DATA _posts/2019-08-30-data.html Data Blocks

You cannot run blocks without first including a data block within your worskspace. You cannot place a block on top of a data block, but you can perform data transformations and visualizations on data blocks by connecting blocks under them.

If you hit the run button without additional blocks you will see your data displayed in table form on the bottom right of web application.

Colors Dataset

Description:

The colors dataset features 11 different colors. This block is an example of hosting data directly inside a block's generator code and can be found here

Earthquakes Dataset

Description:

A subset of US Geological Survey data on earthquakes from 2016. This data is imported using papa.parse and can be found here

Iris Dataset

Description:

Ronald Fisher's 1936 iris dataset from _The use of multiple measurements in taxonomic problems_. The data frame has 150 cases (rows) and 5 variables (columns) named Sepal.Length, Sepal.Width, Petal.Length, Petal.Width, and Species. This data is imported using papa.parse and can be found here

Cars Dataset

Description:

The Motor Trend Car Road Tests dataset was extracted from the 1974 Motor Trend US magazine, and comprises fuel consumption and 10 aspects of automobile design and performance for 32 automobiles (1973–74 models). This data is imported using papa.parse and can be found here

Tooth Growth Dataset

Description:

The response is the length of odontoblasts (cells responsible for tooth growth) in 60 guinea pigs. Each animal received one of three dose levels of vitamin C (0.5, 1, and 2 mg/day) by one of two delivery methods, orange juice or ascorbic acid (a form of vitamin C and coded as VC). A data frame with 60 observations on 3 variables. This data is imported using papa.parse and can be found here

Import CSV

Description:

The import CSV block reads a file in table format and creates a data frame from it, with cases corresponding to lines and variables to fields in the file.

Arguments

URL: the complete url path to the CSV. If the file is located on github, be sure to use the raw extension.

Examples:

TRANSFORM _posts/2019-08-29-transform.html Transforming Blocks

These blocks can be used after you've brought in a data block into the workspace and want to tidy or transform the data. If you need to create a new variable, summarize the data, or just want to rename a column then these are the blocks for you.

Filter

Description:

Use the Filter block to find rows/cases where conditions are true.

Arguments

Logical predicates defined in terms of the variables within the data block. Multiple conditions are combined with AND blocks. Only rows where the condition evaluates to TRUE are kept.

Examples:

Group By

Description:

Most data operations are done on groups defined by variables.

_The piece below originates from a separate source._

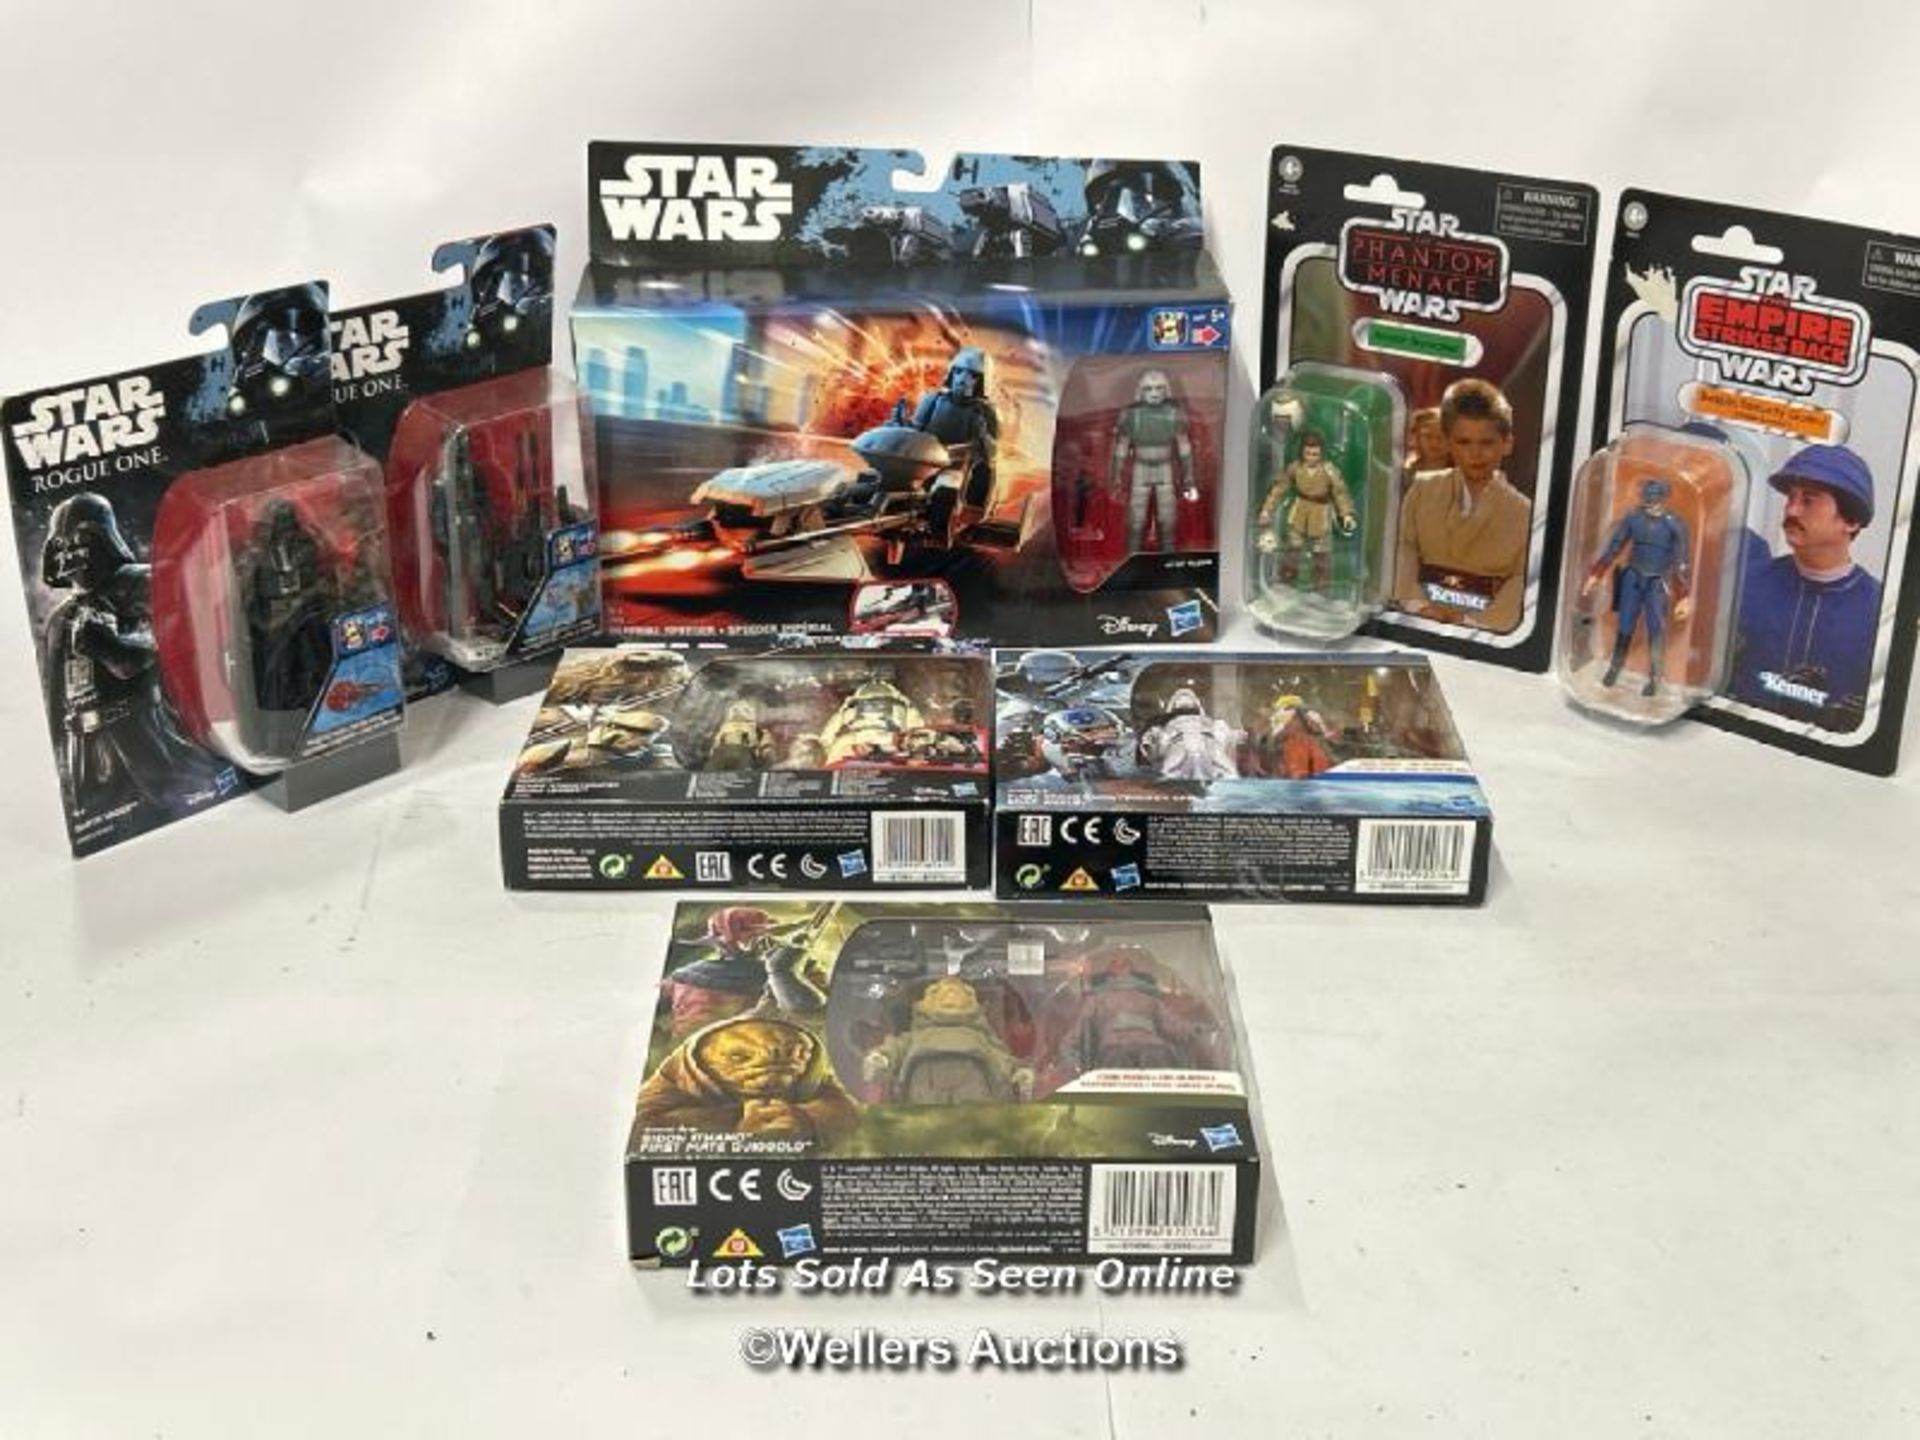 Boxed modern Star Wars toys including The Vintage Collection Anakin Skywalker & Besbin Security

The group by block takes an existing table and converts it into a grouped table where operations are performed "by group". The ungroup() block can be used to remove grouping.

Arguments

The name of the column(s) to group by.

Examples:

FIXME

Mutate

Description:

Add new variables, while preserving existing variables. Columns can be overwritten if the new column is given the same name as the existing column.

Arguments

In line: New name of column (using the name of an existing column will overwrite that column).

Field: Expression to calculate the new column.

Examples:

Select

Description:

Choose or rename variables from a table. The select block keeps only the variables you mention.

Arguments

The name of the column(s) to keep, seperated by commas.

Examples:

Sort

Description:

Order table rows by an expression involving its variables. Use the checkbox to sort in descending order.

Arguments

Text Field: The name of the column(s) to arrange the rows by, seperated by commas.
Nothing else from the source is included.